At the end of a Microsoft software installation, it is very common to
"We have worked long and hard. Enjoy!"
After working with some of Microsoft's software, I'd like to
to change it to read:
"We have worked long and hard. Now... your turn!"
There are three programmes lying in the OS/2 bin and they are talking.
- What were you sent to the bin for?
- For not being under Windows. And you?
- For being on Windows.
Both three:
- And you?
- For being Windows.
One programmer visits the other one. They are sitting there, having a beer. A huge grey cat walks into the kitchen.
- Why Zuchel?
- Look. - Takes a broom, pokes the cat. - Zohel! Connect!
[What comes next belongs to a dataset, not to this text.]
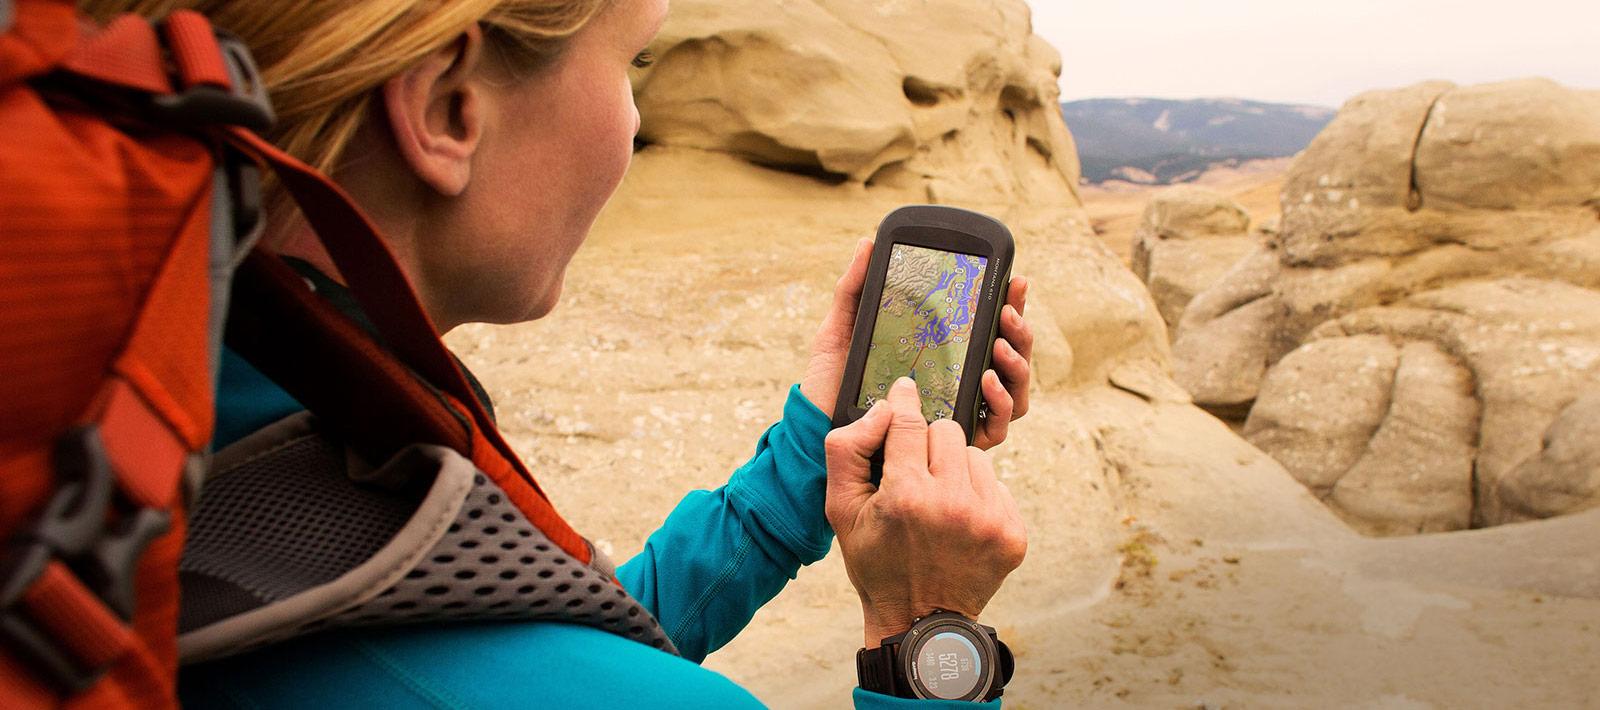 Montana (Montres et GPS de randonnée)

(cat): - Shh-shh-shh-shh...
- О! 14400.
- Girls, you want a beer?
- No.
Wine?
- No!
- Vodka?
- No!!!
The programmer thinks to himself: "Strange, the standard drivers didn't fit."
A shop selling computers. Seller
computer-savvy lady:
- Well, I got you a better hard drive
a better one...
- Better means harder?
A programmer talking to his wife. Programmer:
with a computer?
- What's it to you? Nothing will change for you...
Three weeks after the wedding. The young wife calls her mother, covered in
- Mum, I just don't know what to do! We've got such a family
family scene going on here! It's horrible!
- Relax, daughter, don't get upset. Every family, at some point.
the first arguments, the disagreements, the conflicts...
- I know that. What about the corpse?
from a group of programmers
Application
We ask you to provide a dedicated line at 0.5 l/sec.
is planning to launch the "Back Up Father Christmas" and "Back Up the Snow Maiden" campaigns starting from the New Year.
A young programmer, in his sleep, caresses his wife, gently stroking her, kissing her excitedly, bringing her to orgasm. The young programmer, awakened by unearthly pleasure, asks: What are you doing, darling?
and care).
Dear Women! You probably have faced with such
problem - you've bought
new furniture, a beautiful carpet, curtains, but in the flat
...but there's still something...
is not right. It means that the interior is missing
the finishing touch,
namely the husband. In that case, we recommend getting
a computer programmer at home.
He's fairly unpretentious, won't bother you and won't take up
and doesn't take up much space.
At the same time, the programmer is one of the most
fashionable and elitist
breed of husband. Read the description of the
of the programmer and think,
maybe this is the one you've been dreaming of all your life.
Exterior.
A programmer can be either small or large.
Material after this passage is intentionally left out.